Today’s service providers complain that even the low volumes of streaming video are chewing up huge amounts of bandwidth. For example, AT&T says it’s usage increases at a pace of 76 per cent a year. German officials complain that it won’t be long before Internet video will be half of the bandwidth usage to the homes. Japan, Korea where they have a heck of a lot more bandwidth than North America is already there. ISPs and cable folks have the solution… choke off the all-you-can eat content access. Why those greedy SOBs!

They emphasize that the top one per cent of users consume 225GB of data a month (bottom 50 per cent use 1GB or less). Rather than make “everyone” pay for the gluttons, they (cable and ISP) are considering: tiered pricing – pay for usage just as with other utilities throttle you back after X amount of usage fire you! Oh yeah they do…too many customer support calls, too many hours online watching too many web or whatever videos and BAM!!! you’re gone. They are in this for a buck ya know. Think about the bandwidth sucked up downloading 30GB of HD movies.

Where’s Joe The Plumber

Multiply your download by a couple of hundred…thousand…million people.

Get real.

If everyone hits that download button at the same time the huge sucking sound will be louder than when the protons or lead ions go ssswwwiiissshhhiiinnnggg by.

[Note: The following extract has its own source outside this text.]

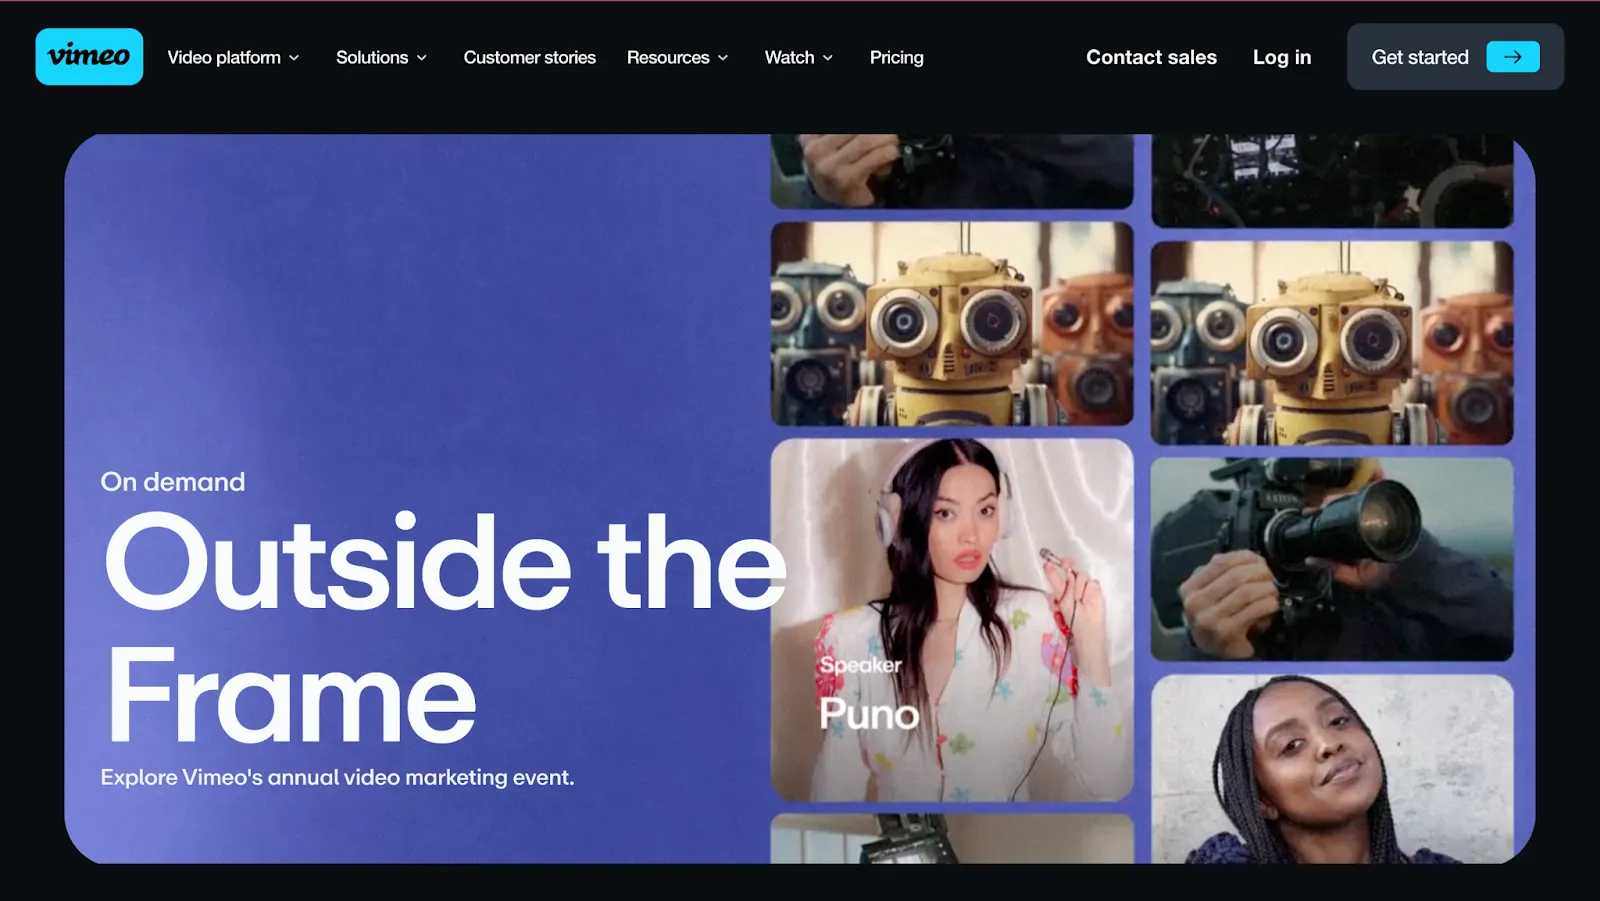 vimeo home page for collaboration software
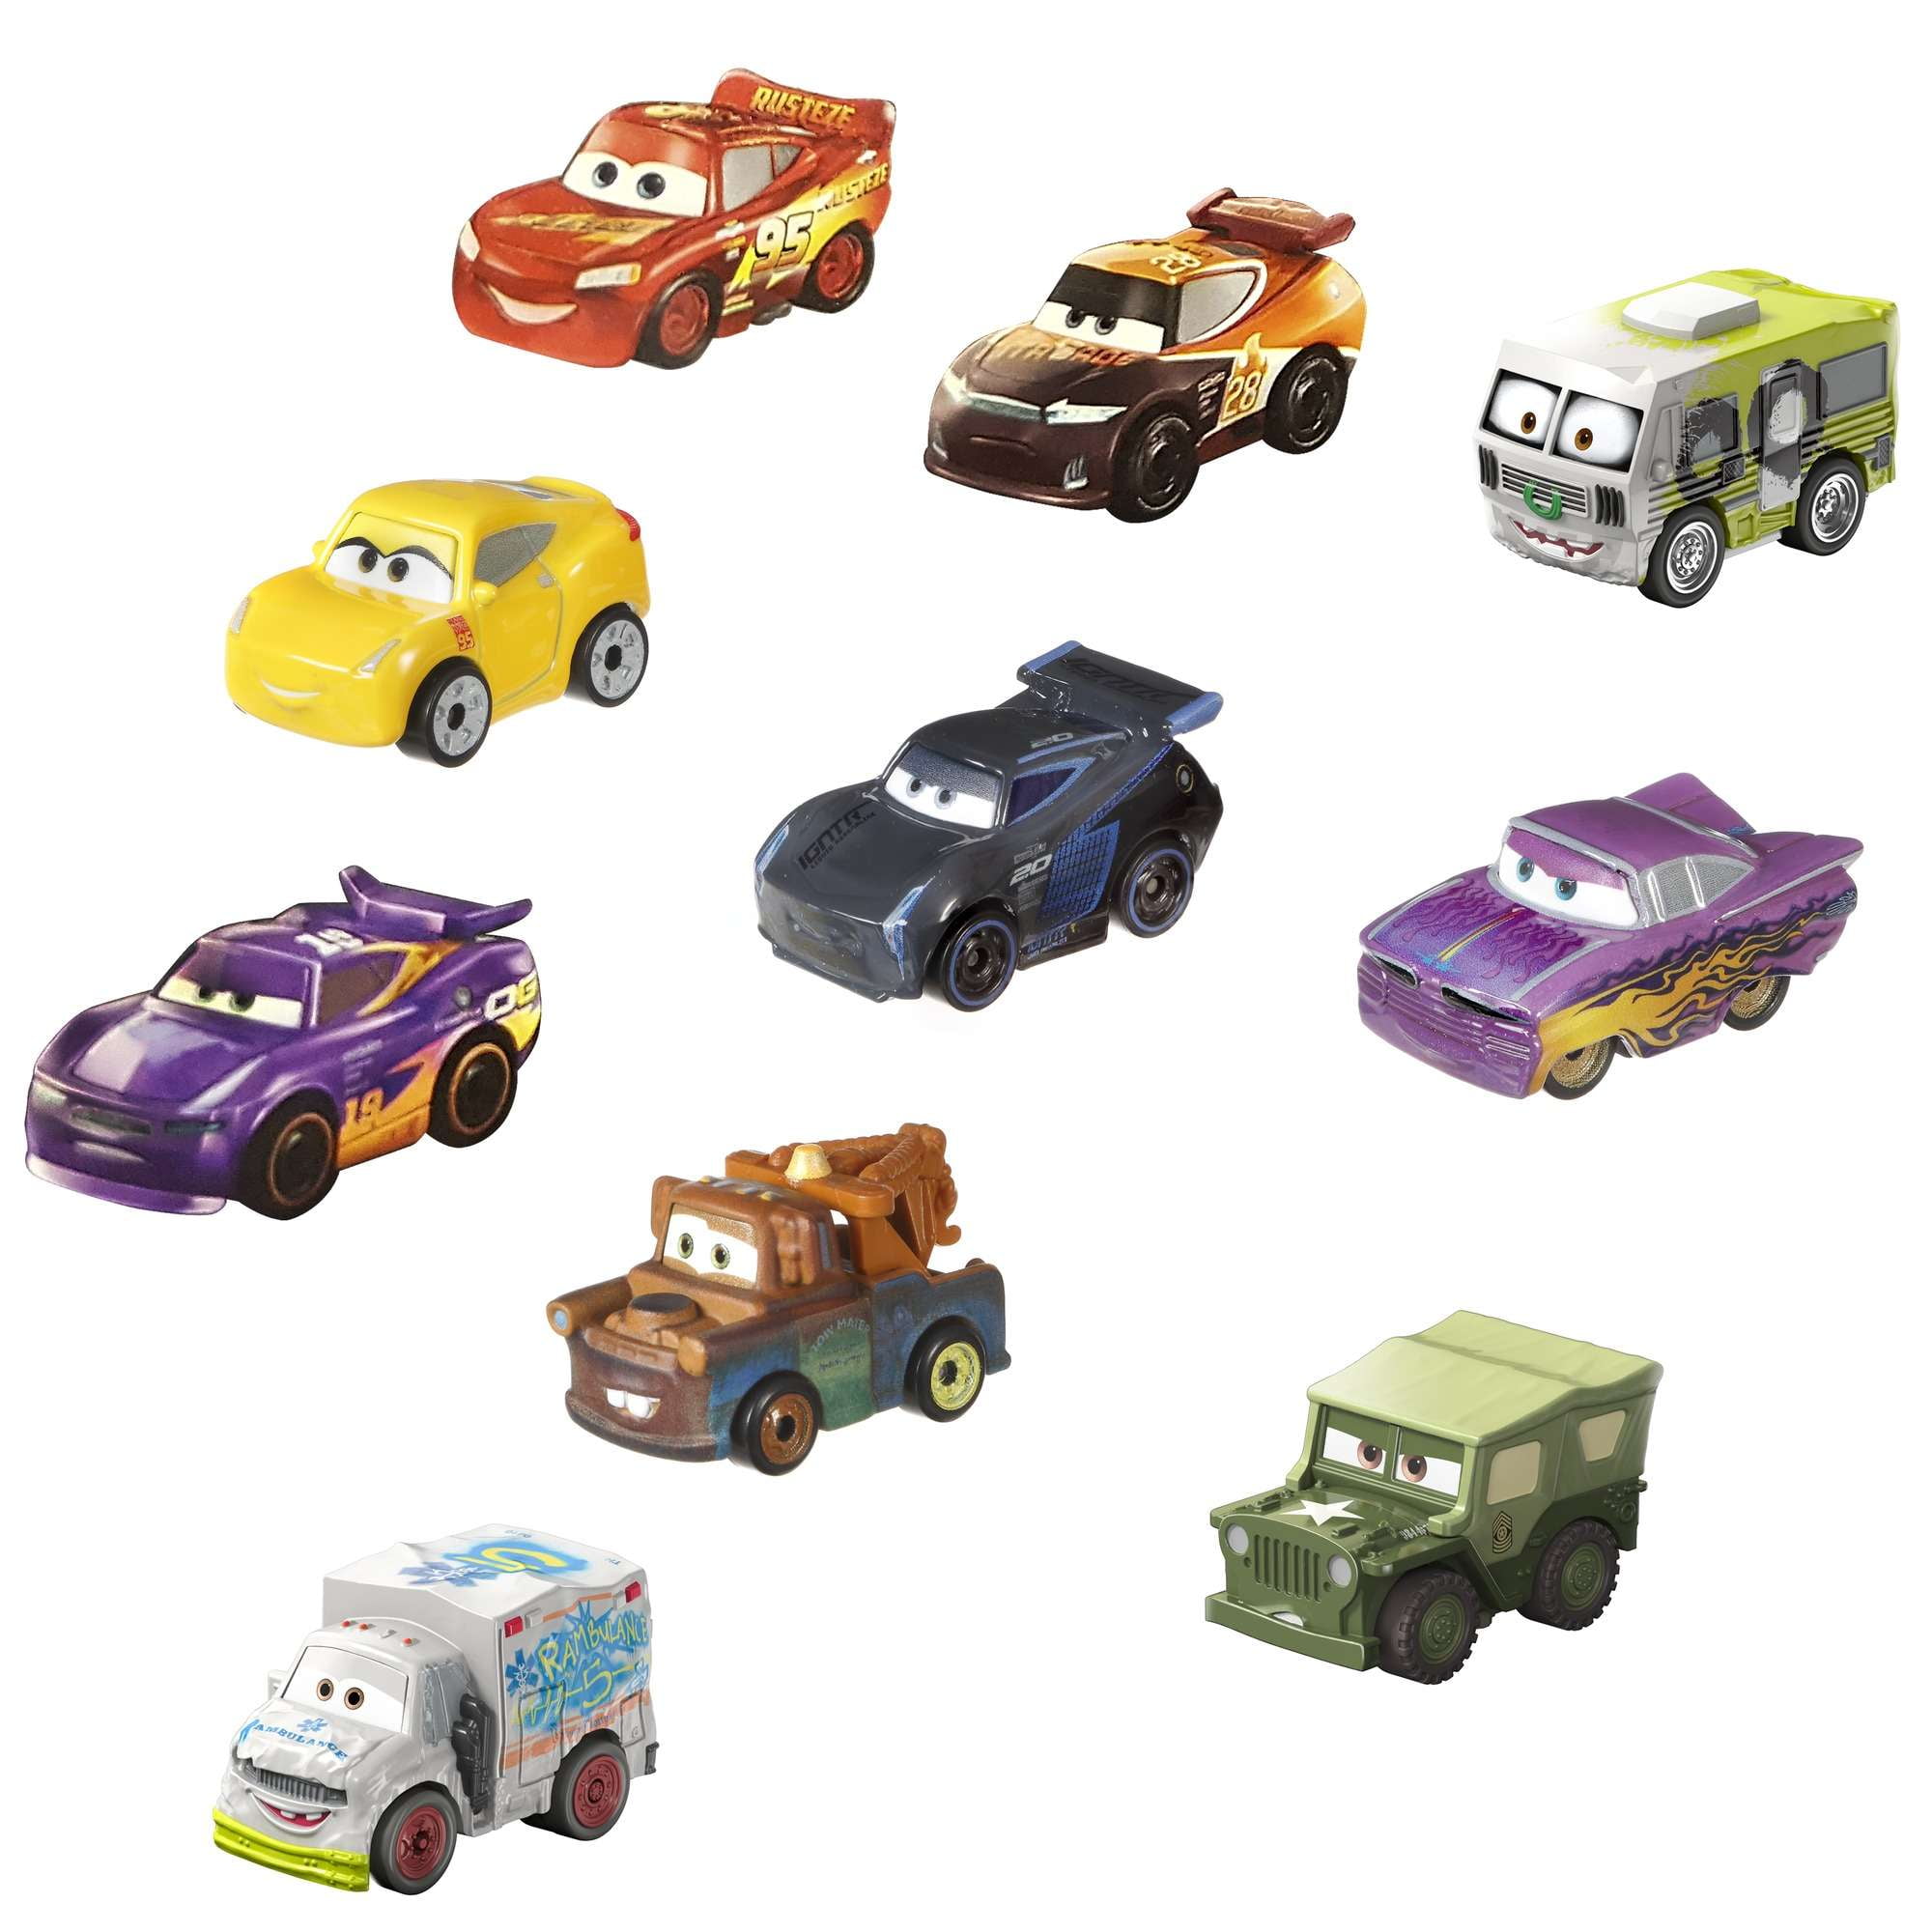 Disney Pixar Cars Mini Racers Derby Racers Series 10-Pack, Collectible  Compact Movie Vehicles

Even then, Content Delivery Networks aren’t giving you true HD content, you know 1080p content for your new 42-in LCD set.

It’s “something else.”

According to studies by George Ou of ZDNet and so eloquently explained by gizmodo http://tinyurl.com/5jhvl4, folks downloading their “HD” content are getting the Lite version.

Whooppee!

Our kids are OK with the quality. It’s about as good as the stuff they pull down off YouTube and other social net sites. It’s good enough to throw on their mobile devices. Maybe good enough is…good enough?

Nope!

They also watch DVDs and that quality is … better.

Especially upscaled on a 42-in set! It must be a lot better for a lot of people.

Netflix offers both disc and download delivery and still does a huge business sending movies to your mailbox. We’ve also seen RedBox boxes in more grocery stores in the U.S. Someone always seems to be choosing a movie. Sounds logical…pick up a six pack of drinks, popcorn, other snacks and…a movie all in one stop. But that certainly doesn’t make it a sure thing for BD. Of course the “one more thing” guy said BD has its own set of problems.

He’s right…kinda!

But don’t believe he’s delivering the solution (check http://tinyurl.com/5jhvl4 again)!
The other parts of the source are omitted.